→ **Task directions**: Give the listing again character for character, but drop the images.

→ **Recorded information**:
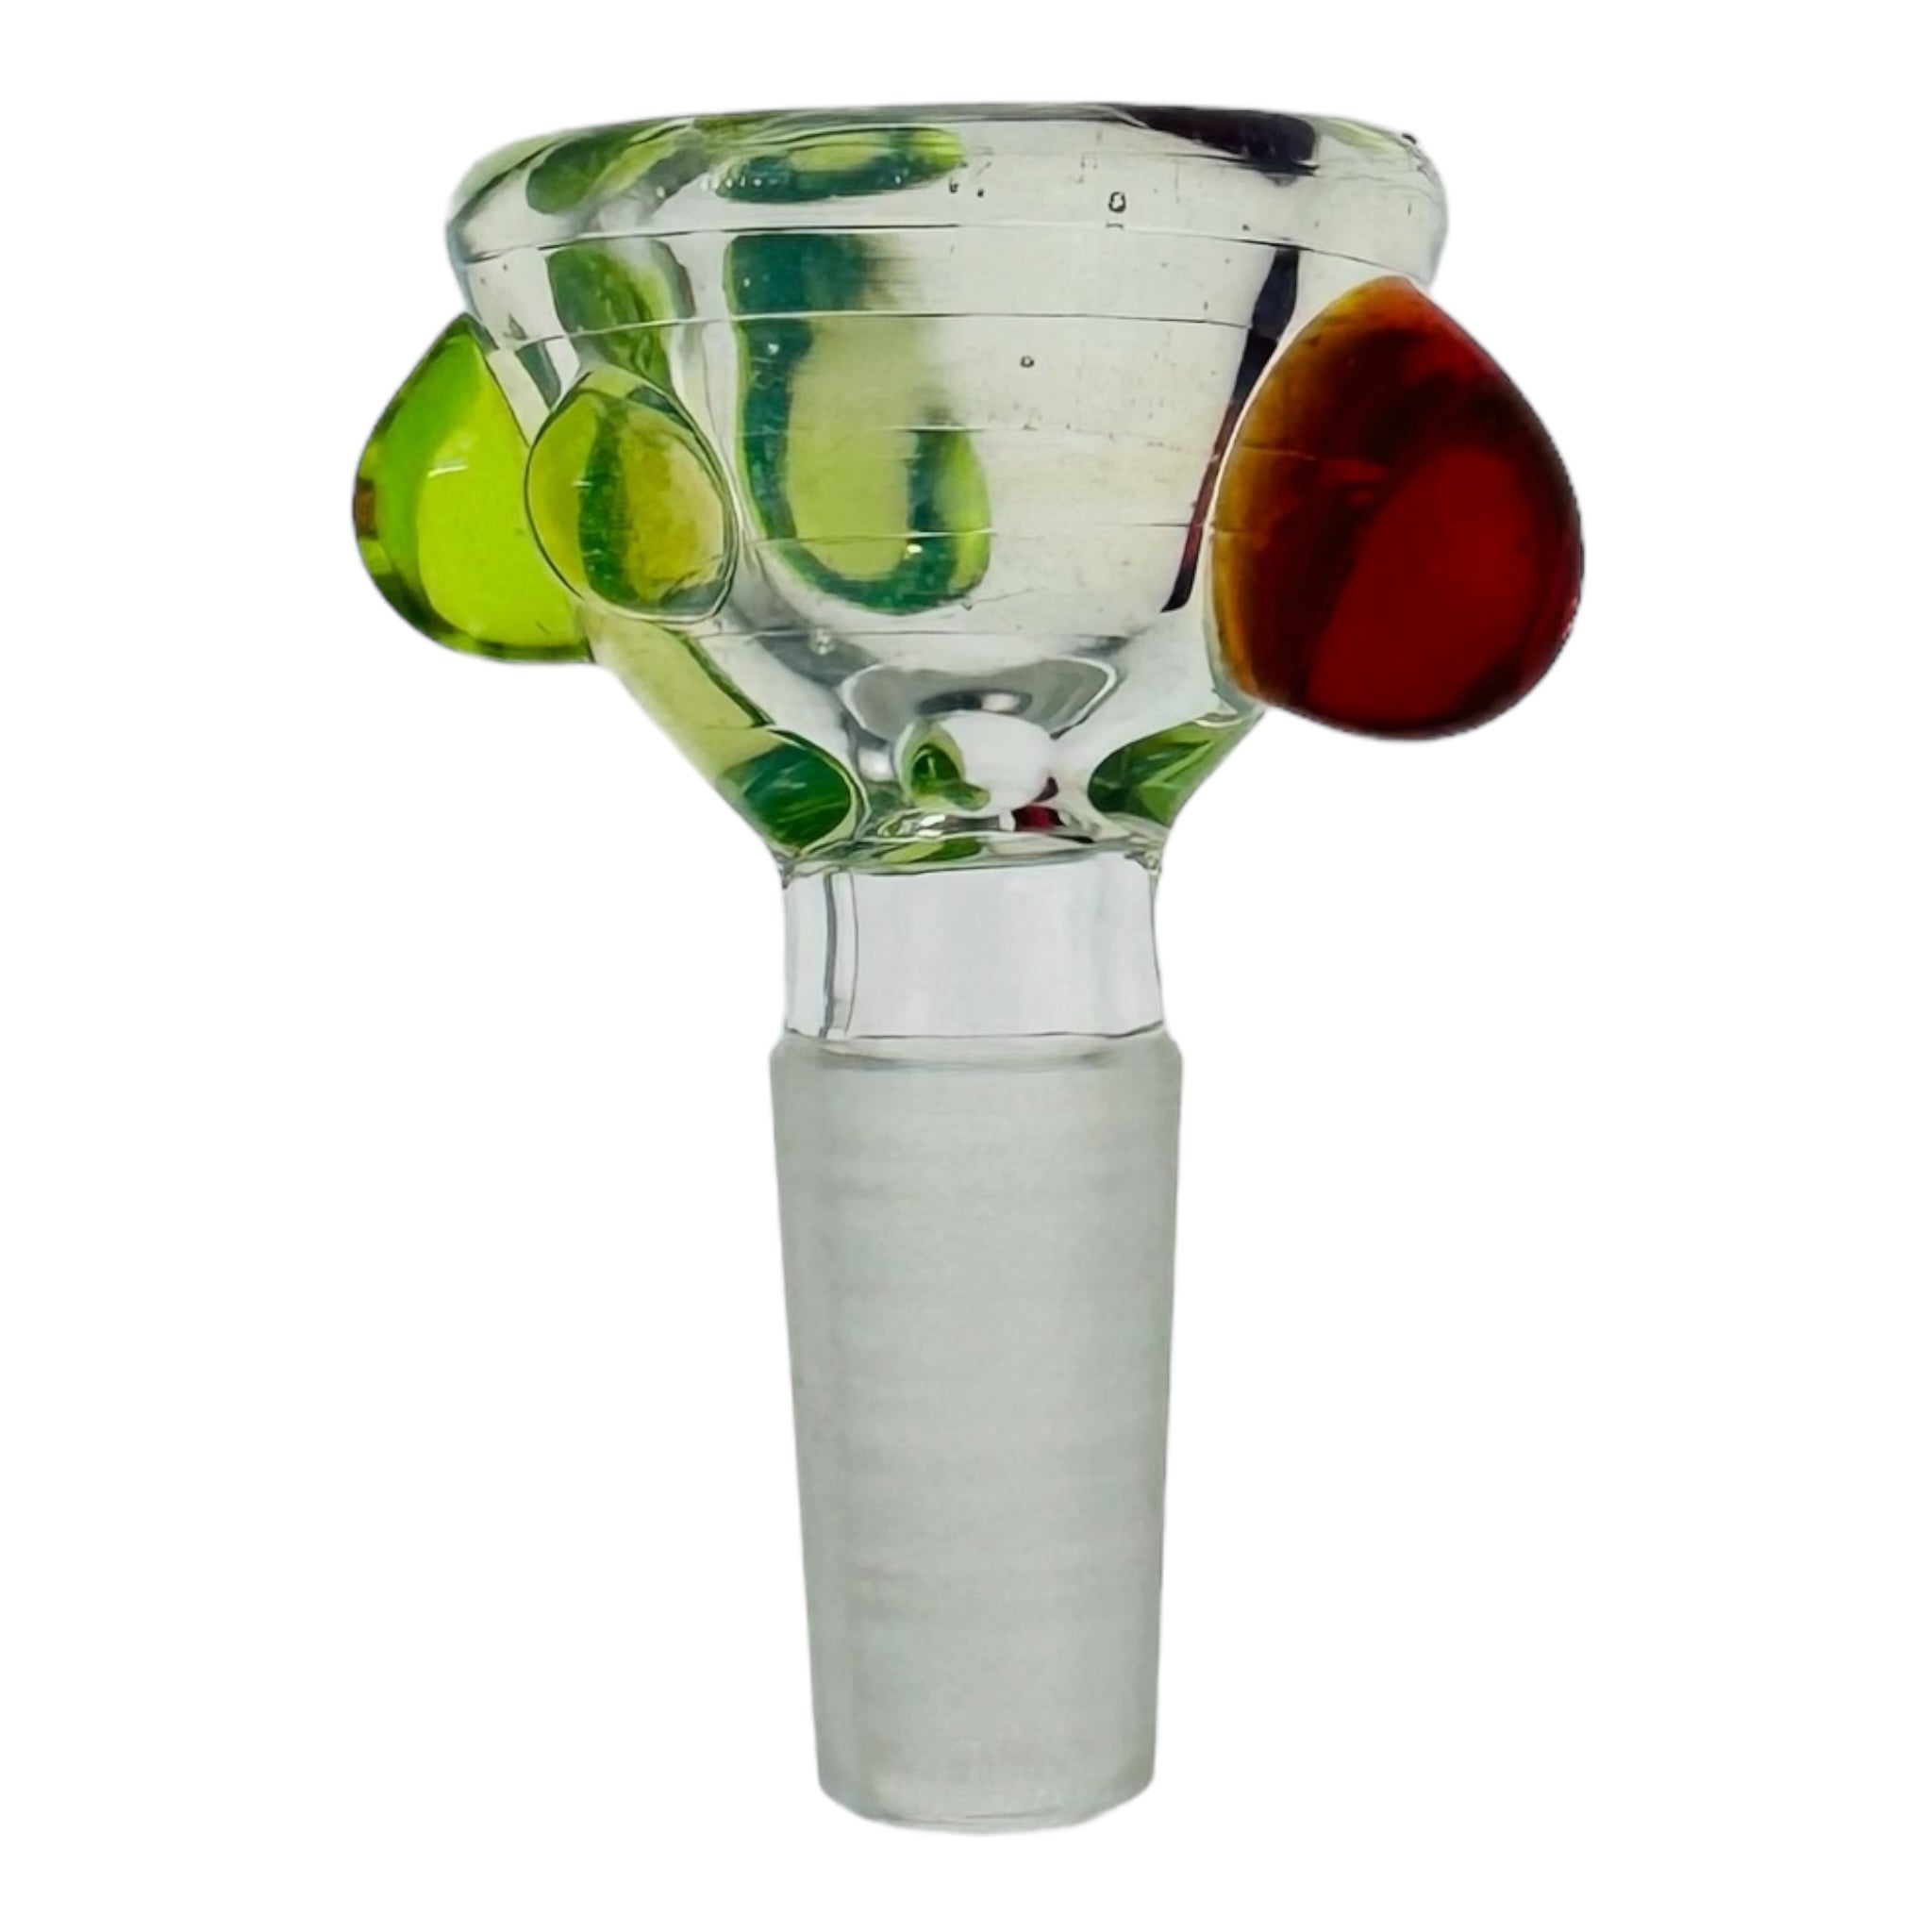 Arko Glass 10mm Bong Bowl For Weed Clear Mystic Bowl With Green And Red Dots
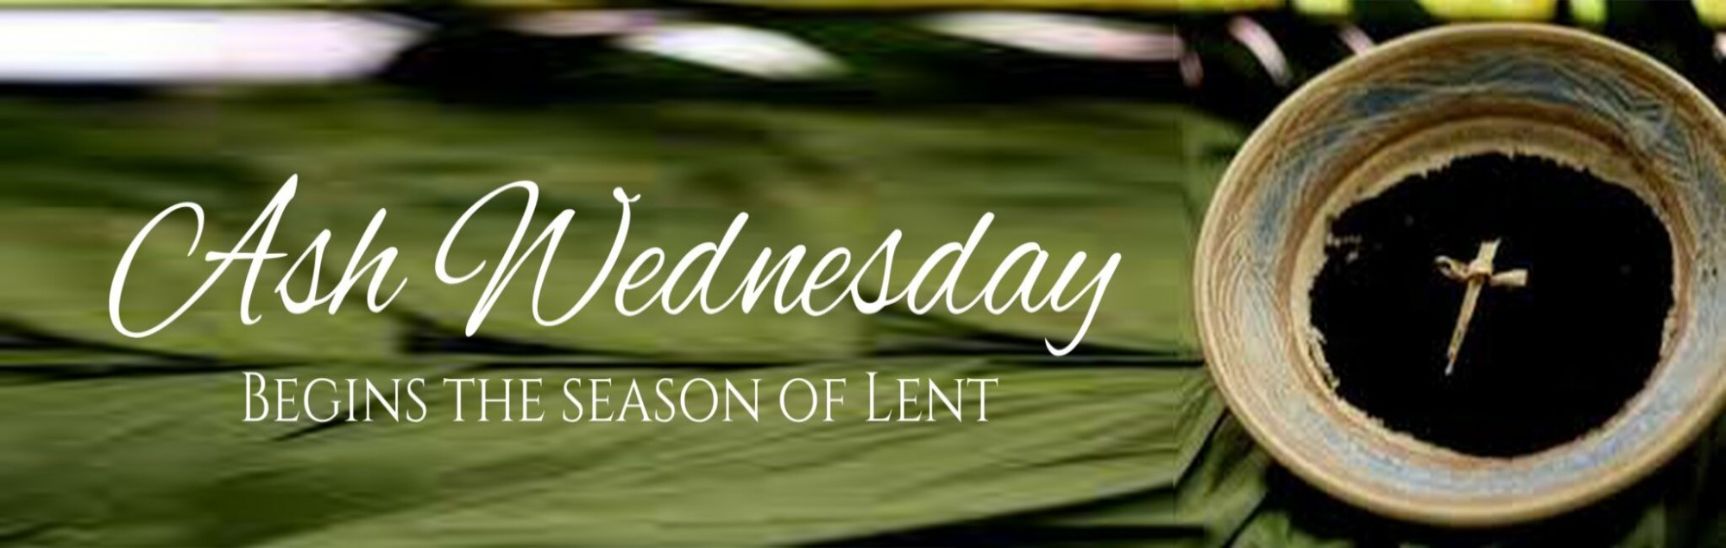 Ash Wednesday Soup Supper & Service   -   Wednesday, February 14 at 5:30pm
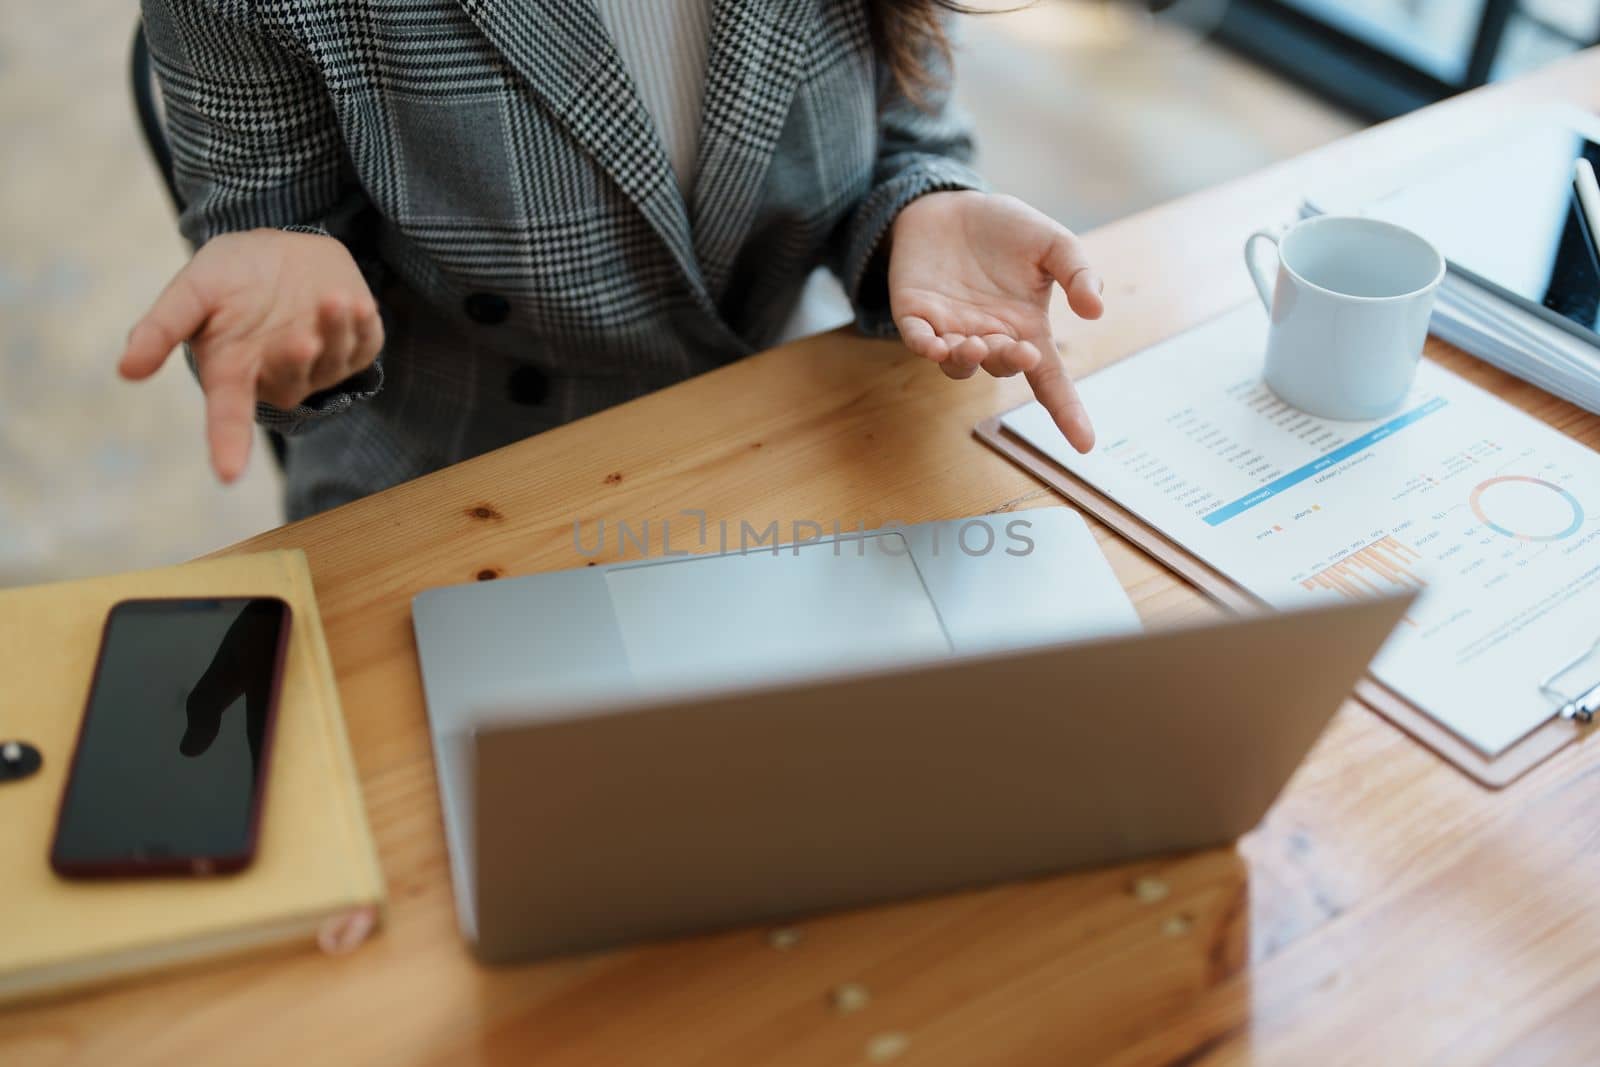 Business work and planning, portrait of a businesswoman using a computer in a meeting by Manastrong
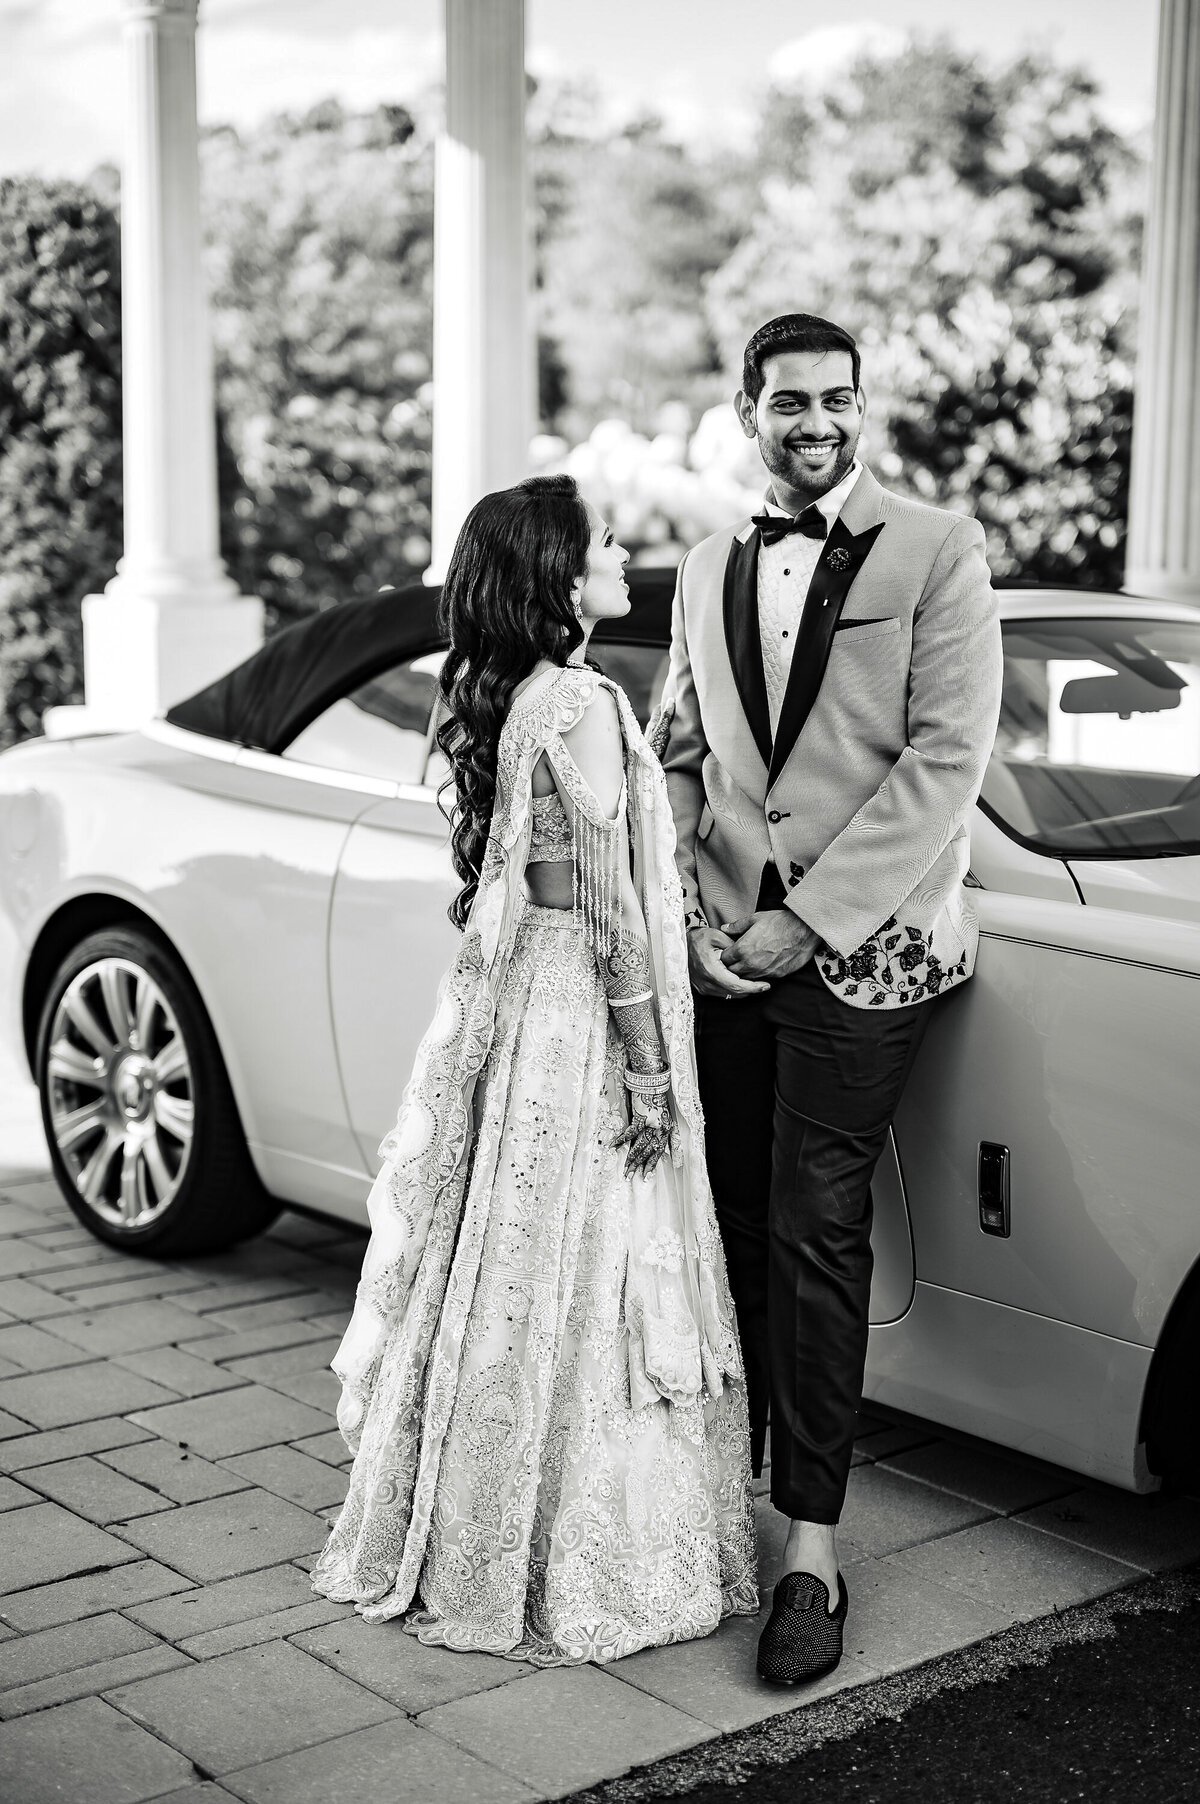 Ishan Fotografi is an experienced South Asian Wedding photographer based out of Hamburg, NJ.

→ **Response**:
 Arko Glass 10mm Bong Bowl For Weed Clear Mystic Bowl With Green And Red Dots
 Ash Wednesday Soup Supper & Service   -   Wednesday, February 14 at 5:30pm
 Business work and planning, portrait of a businesswoman using a computer in a meeting by Manastrong
 Ishan Fotografi is an experienced South Asian Wedding photographer based out of Hamburg, NJ.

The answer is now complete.